* [WHAT IS BEING ASKED]:
Among the lines of the listing below, retype exactly those from the one containing "Robison-Anton Rayon Super" through the one containing "Bathroom Bath Furniture", both included. Do not include pictures.

* [RECORDS PROVIDED]:
=-=-=
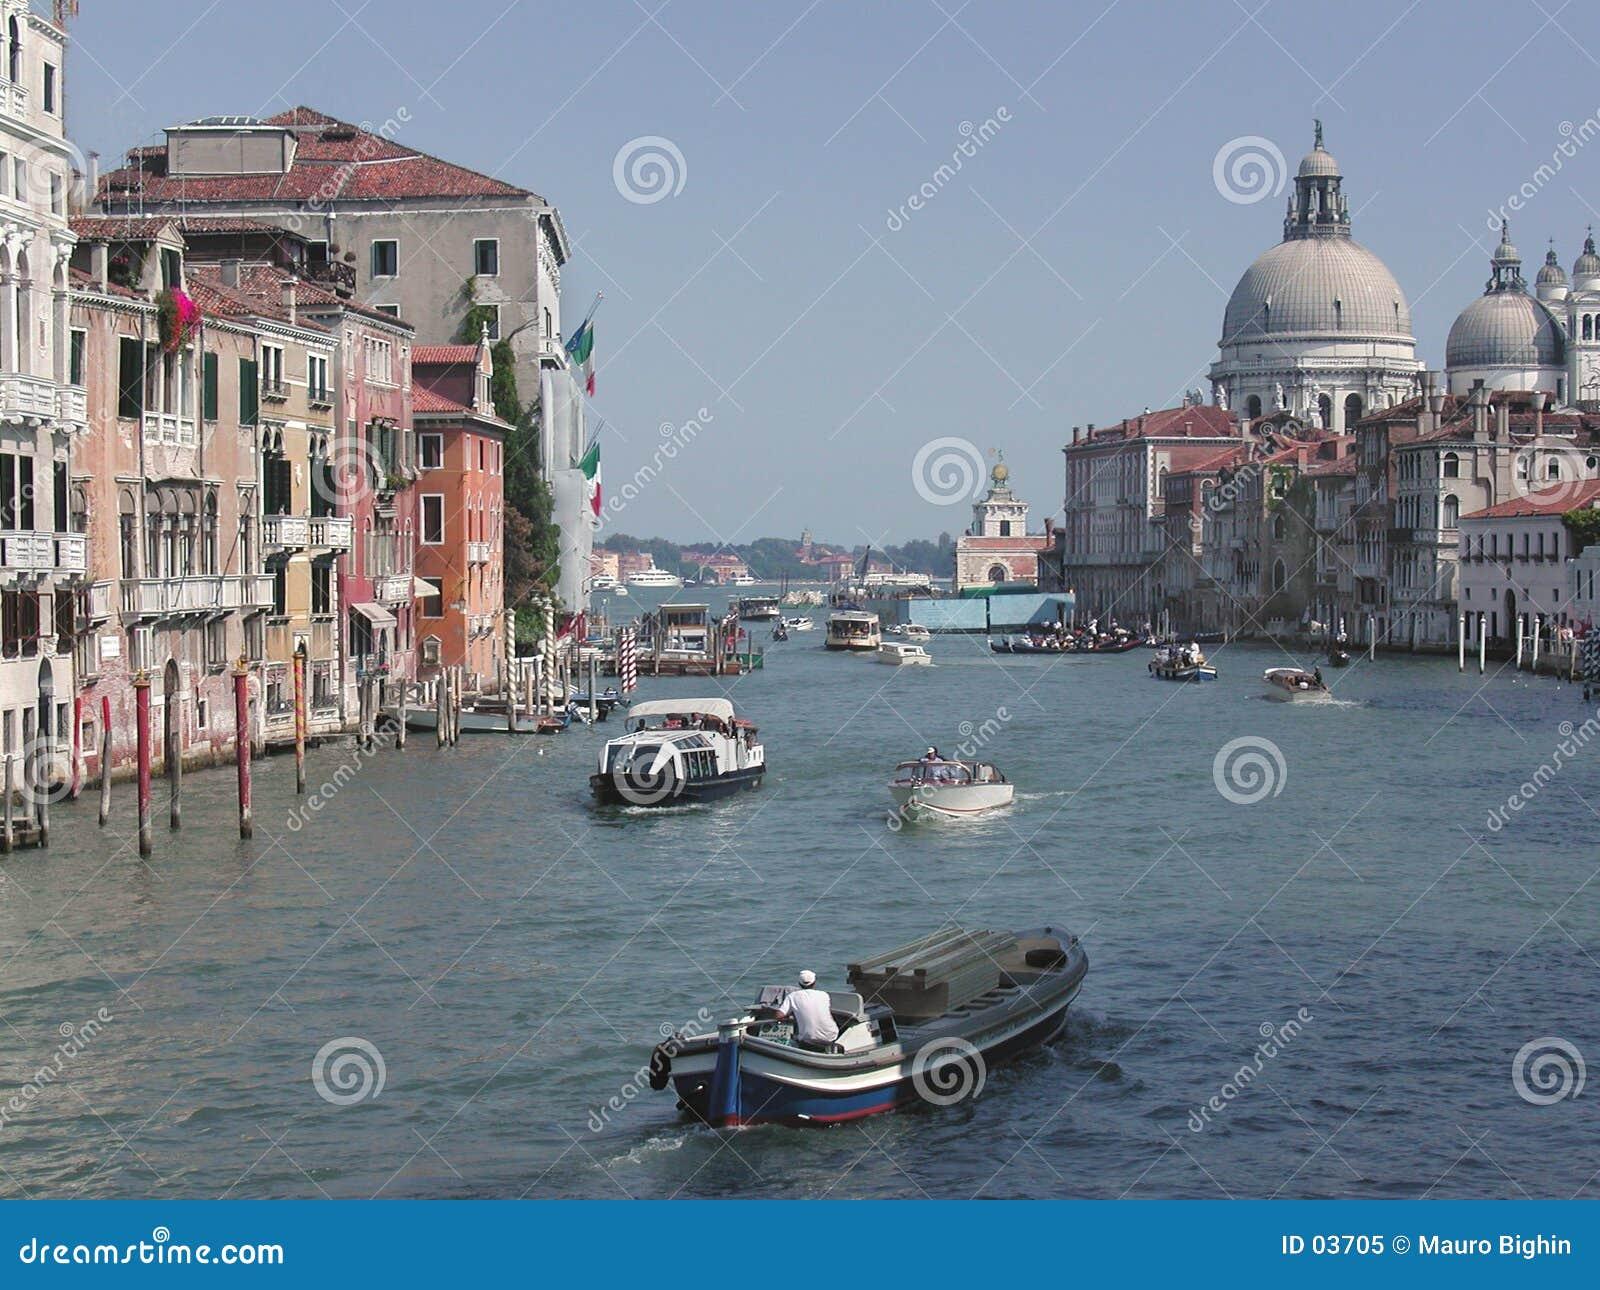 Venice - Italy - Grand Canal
=-=-=
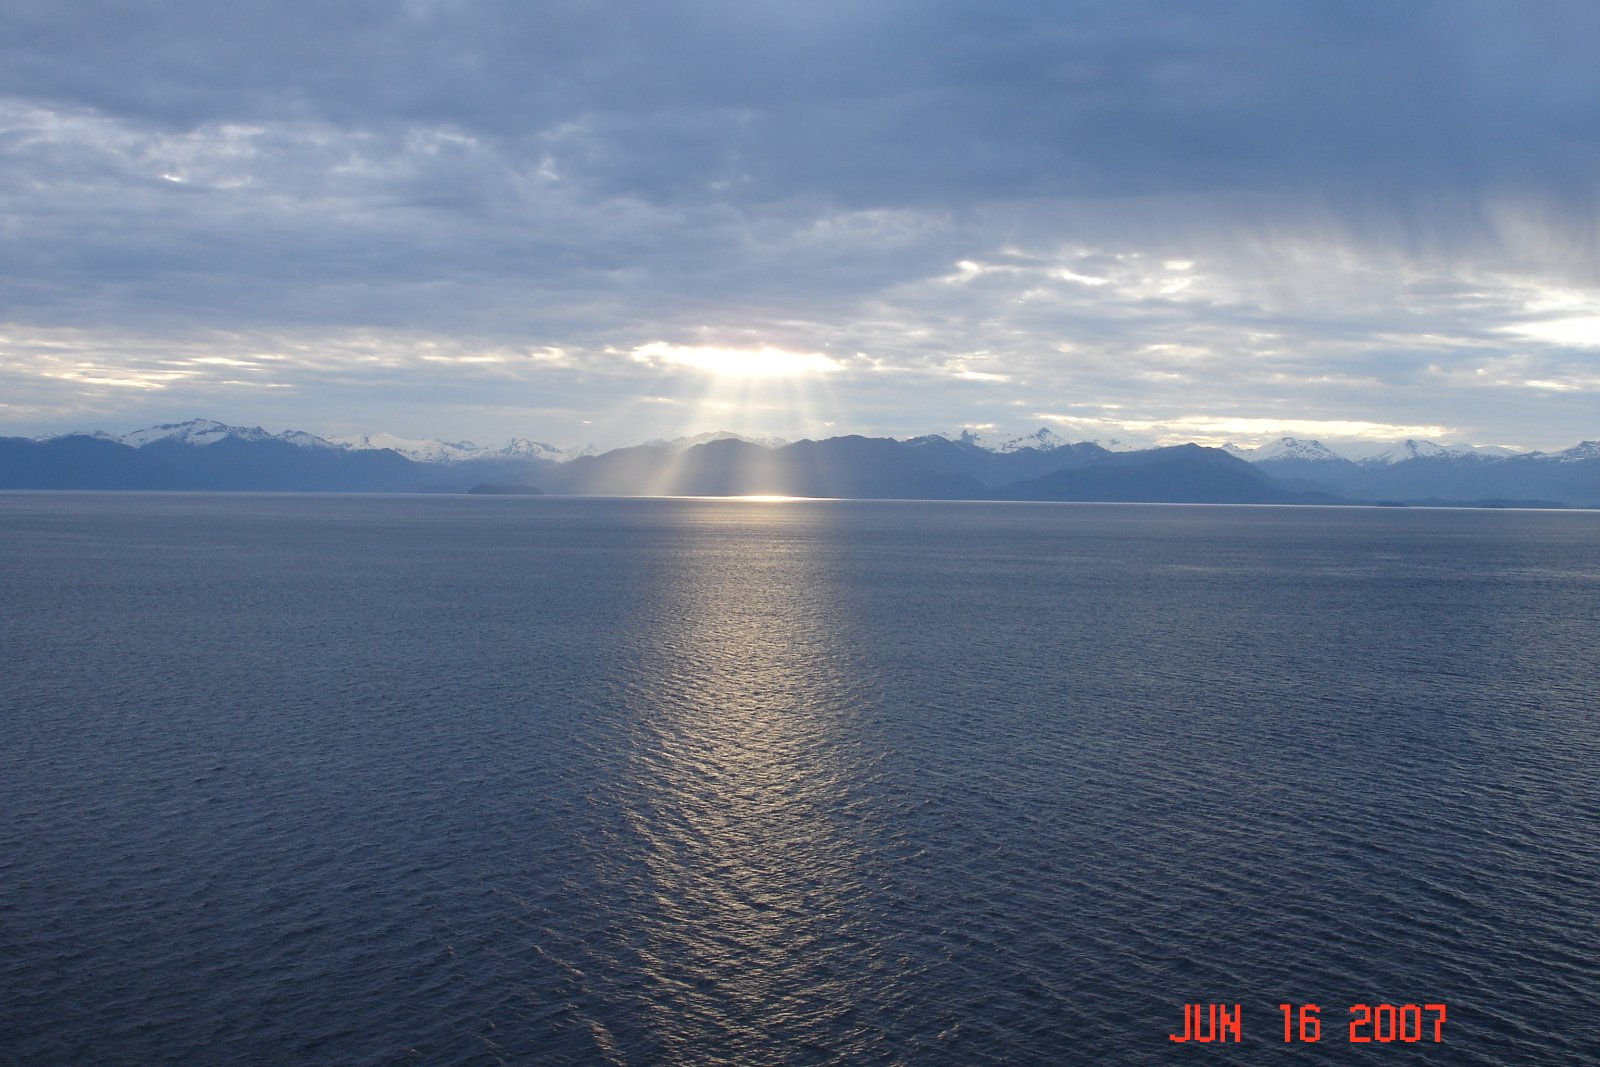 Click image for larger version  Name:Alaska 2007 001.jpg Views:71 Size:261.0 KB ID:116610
=-=-=
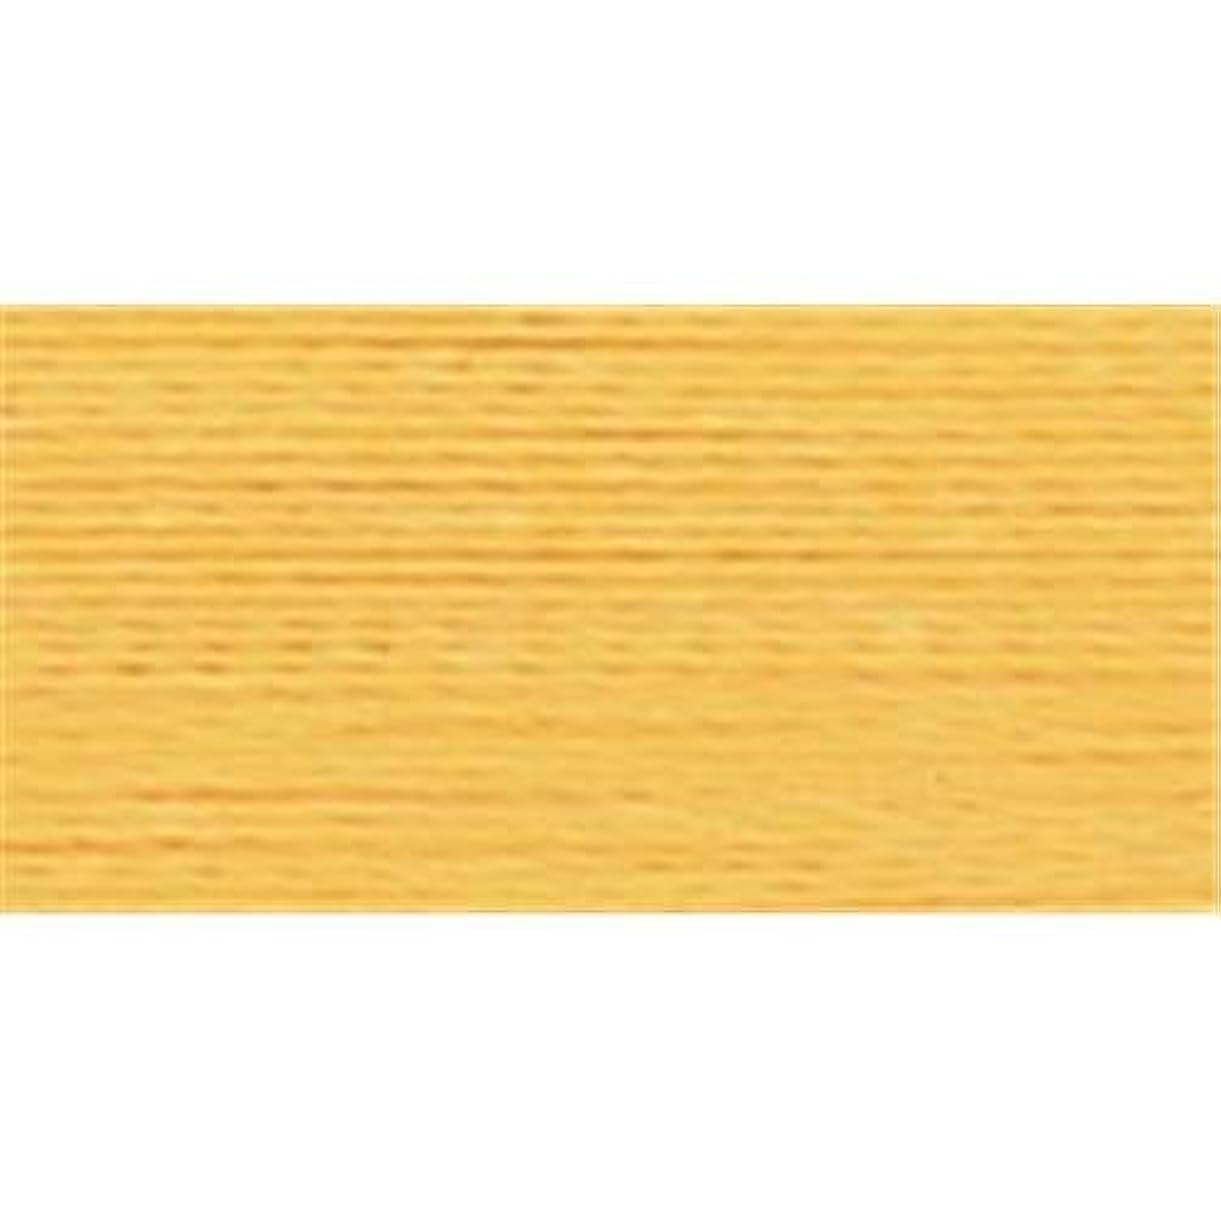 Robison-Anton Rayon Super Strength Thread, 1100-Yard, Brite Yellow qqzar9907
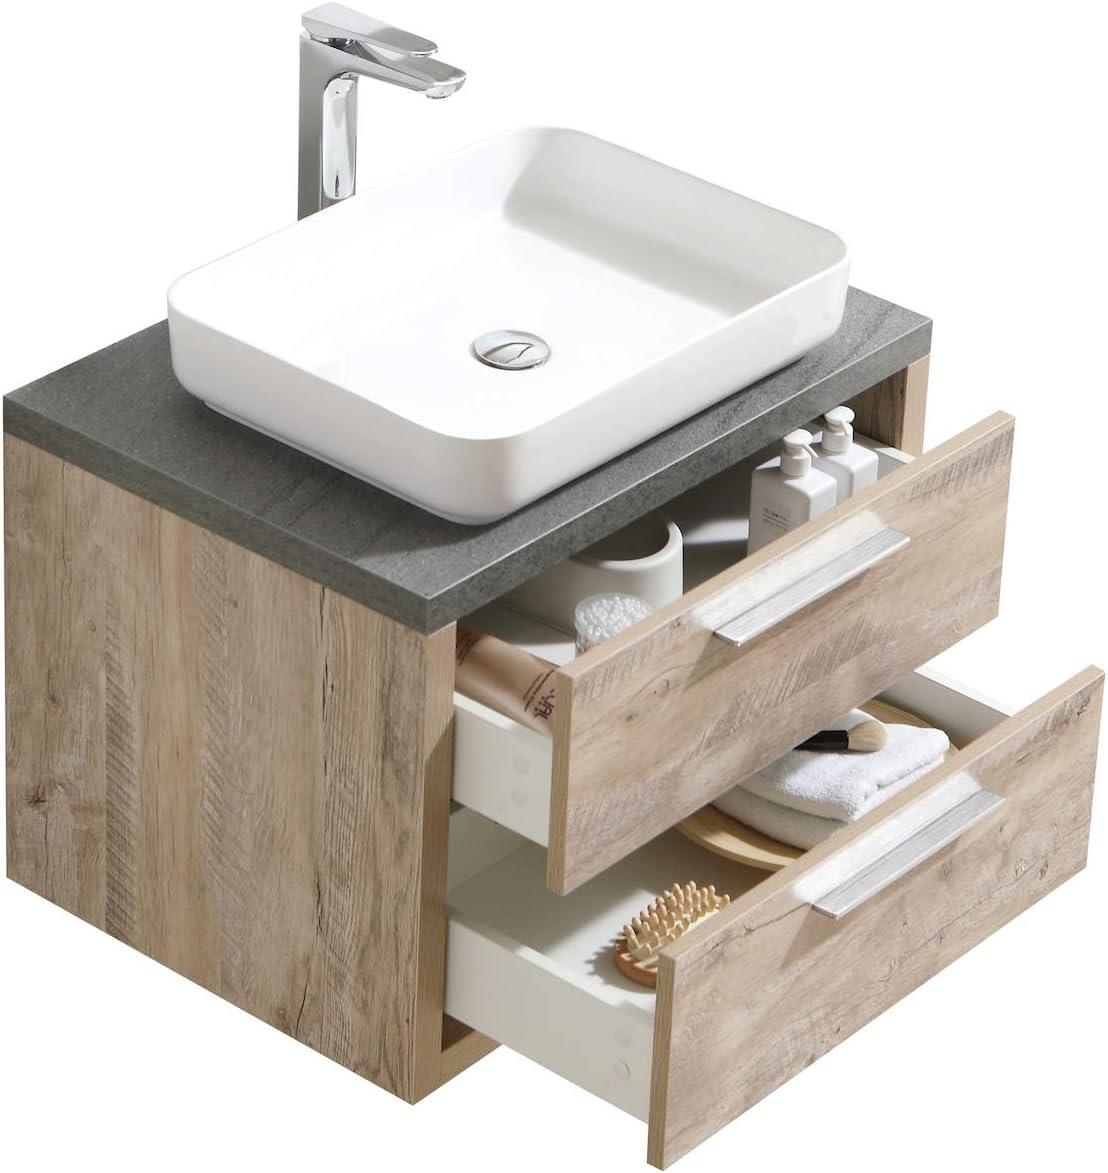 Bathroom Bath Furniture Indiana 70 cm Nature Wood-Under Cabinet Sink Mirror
=-=-=
* [PROBLEM SOLUTION]:
 Robison-Anton Rayon Super Strength Thread, 1100-Yard, Brite Yellow qqzar9907
 Bathroom Bath Furniture Indiana 70 cm Nature Wood-Under Cabinet Sink Mirror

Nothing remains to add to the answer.